Lets say i work in Japan and earn 10,000CAD last year
I stay in Japan for 365 days last year and wish to be consider as a resident
so lets say i have some assets in Canada

Anyone know how should i report that income? It wont be put in a T4 right?
Also which provincial tax do i pay? or i dont have to pay anything?


----------



## ghostryder (Apr 5, 2009)

Just because you are living in another country does not mean that you are not "Canadian resident for tax purposes"


http://www.cra-arc.gc.ca/E/pub/tp/it221r3-consolid/it221r3-consolid-e.html

Happy reading. 


BTW if you are Canadian resident for tax purposes, you would report this on line 104.


----------



## kid5022 (Nov 14, 2010)

ghostryder said:


> Just because you are living in another country does not mean that you are not "Canadian resident for tax purposes"
> 
> 
> http://www.cra-arc.gc.ca/E/pub/tp/it221r3-consolid/it221r3-consolid-e.html
> ...


i am more interested in which provincial tax i should pay?
the province i live in before i move?


----------



## kcowan (Jul 1, 2010)

kid5022 said:


> i am more interested in which provincial tax i should pay?
> the province i live in before i move?


Unless you can make a case for another jurisdiction, then yes. Where is you bank branch/investment account located?


----------



## kid5022 (Nov 14, 2010)

kcowan said:


> Unless you can make a case for another jurisdiction, then yes. Where is you bank branch/investment account located?

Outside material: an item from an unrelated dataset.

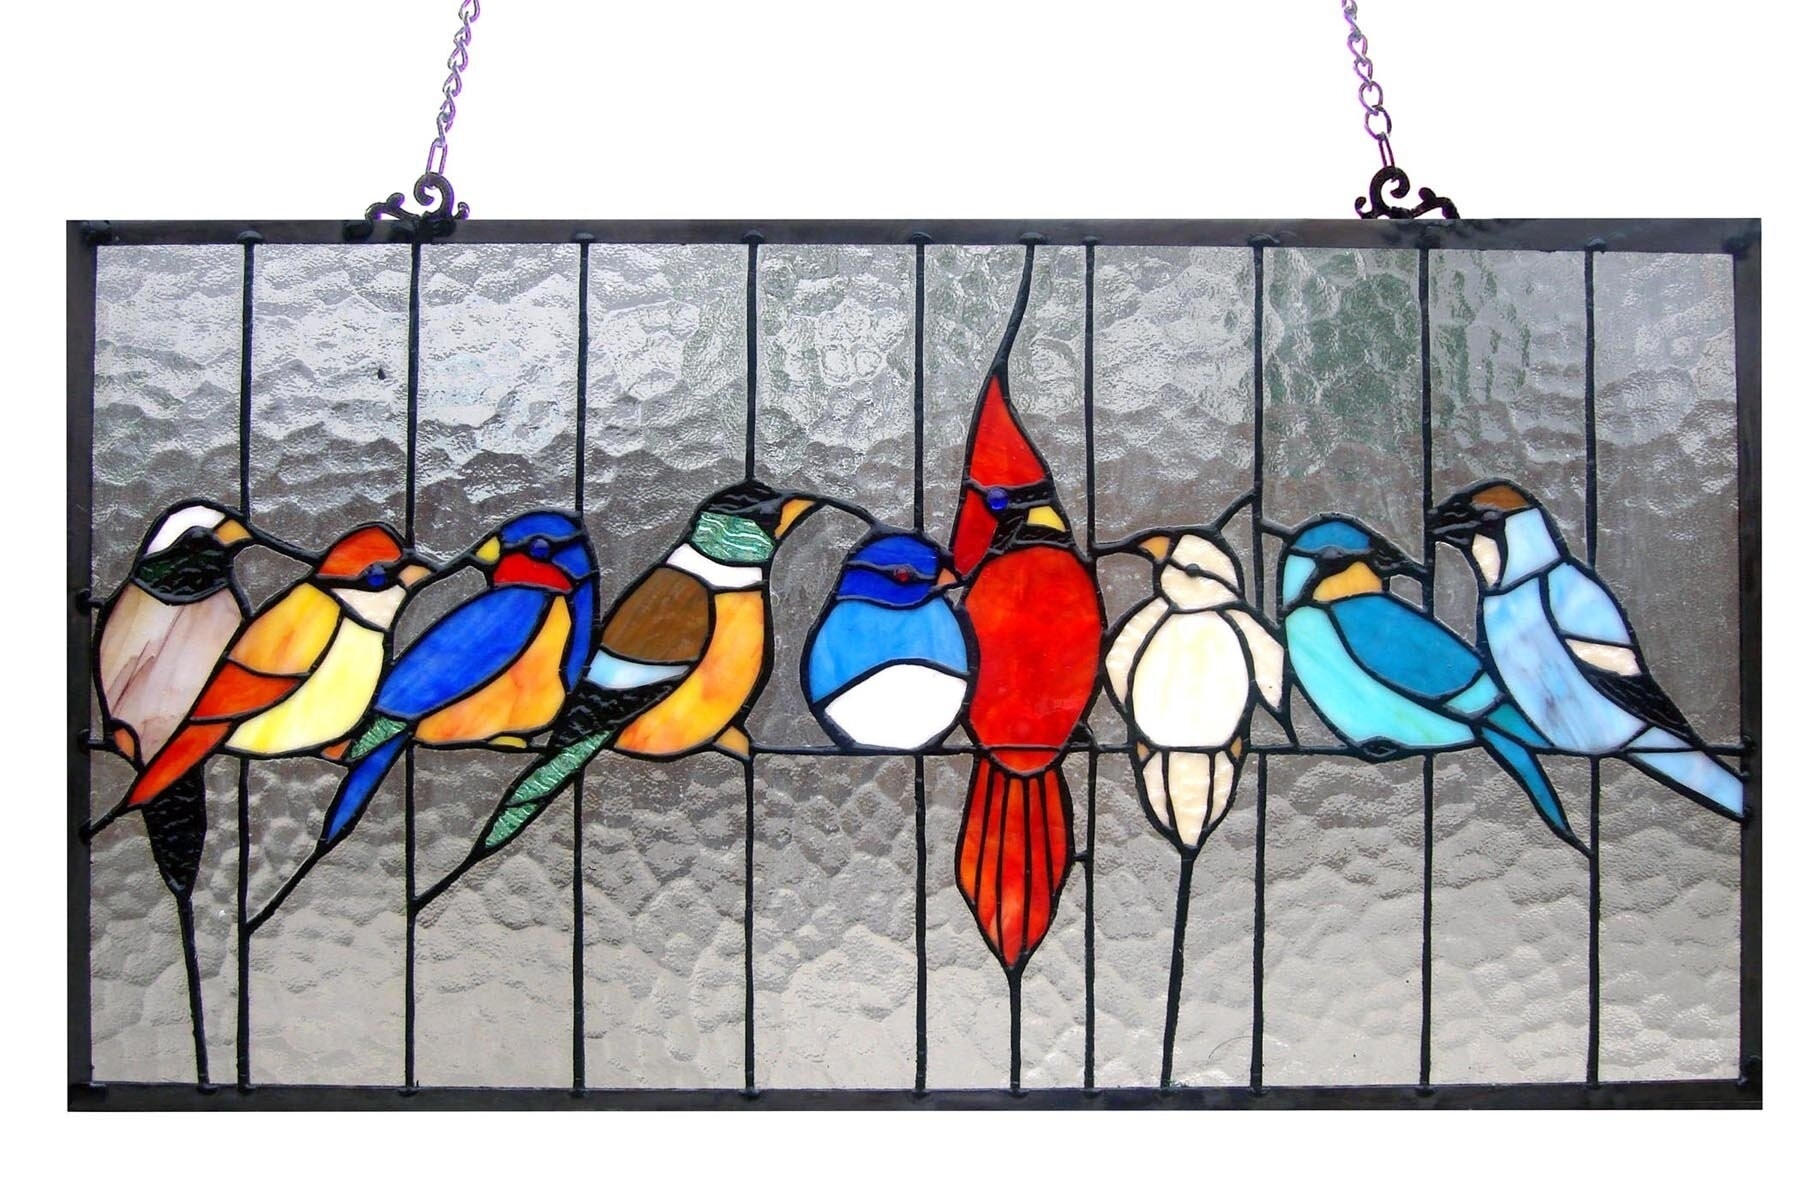 Glass Bird, Blown Glass Bird, Home Decoration, Glass Bird Art, Handmade,  Stained Glass Bird, Christmas Gift -  Canada
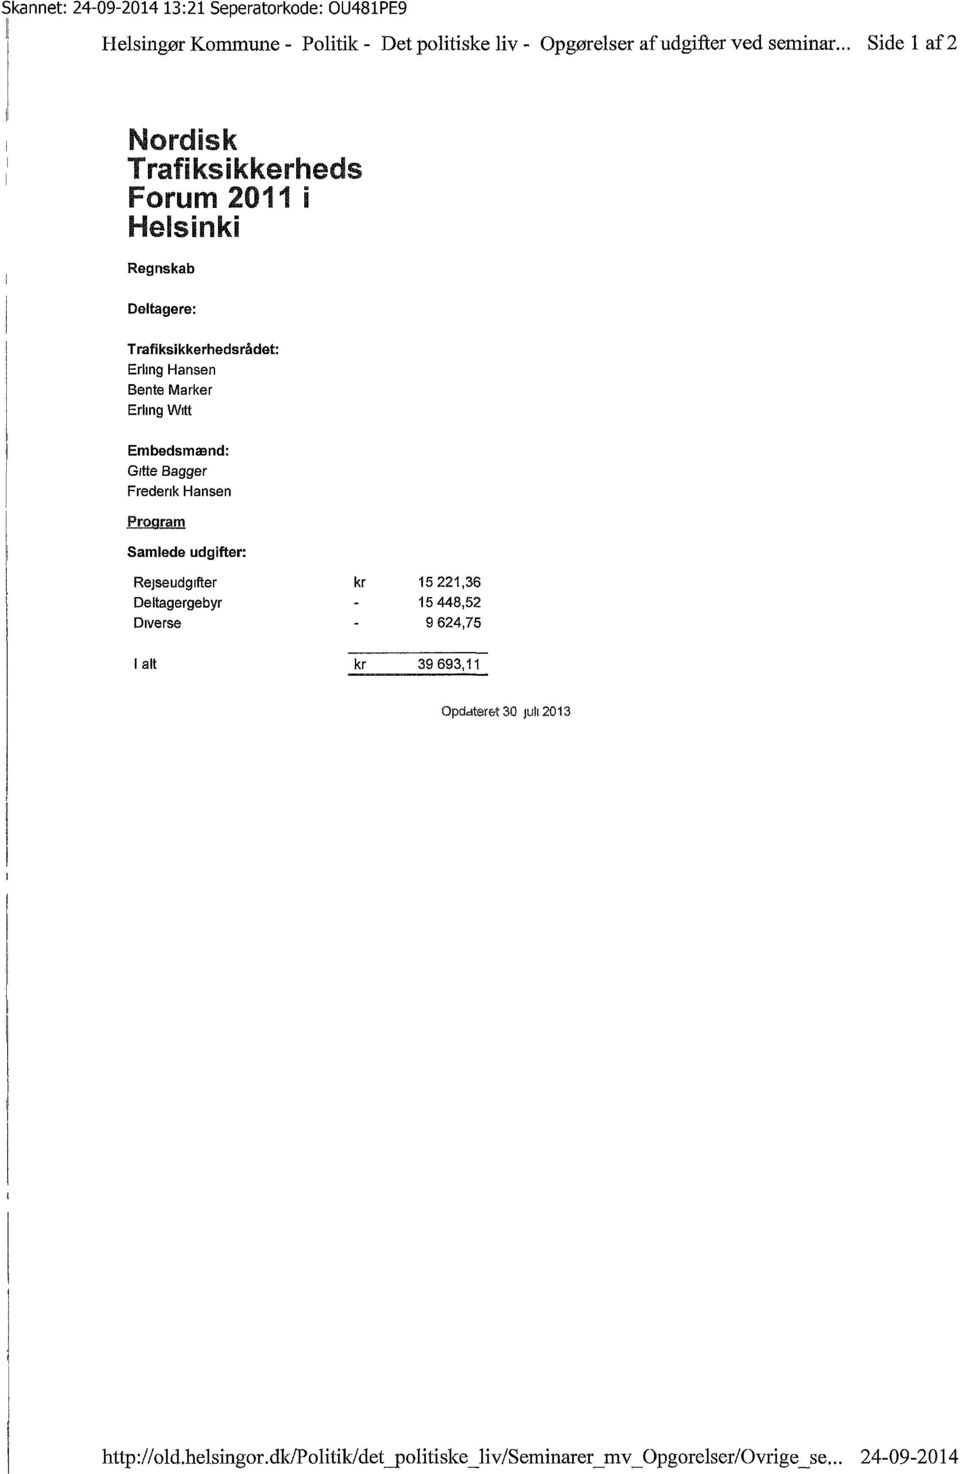 Erling Witt Embedsmænd: Gitte Bagger Frederik Hansen Program Samlede udgifter: Rejseudgifter kr 15 221,36 Deltagergebyr - 15

Oic, i think i got your point,....hmmmm i think i should move it to Alberta, lower provincial tax bracket


----------



## ghostryder (Apr 5, 2009)

kid5022 said:


> i am more interested in which provincial tax i should pay?
> the province i live in before i move?


Basically the same tests apply to determine province. 

Do you own a house, where is your local bank branch, drivers licence, health coverage.....


----------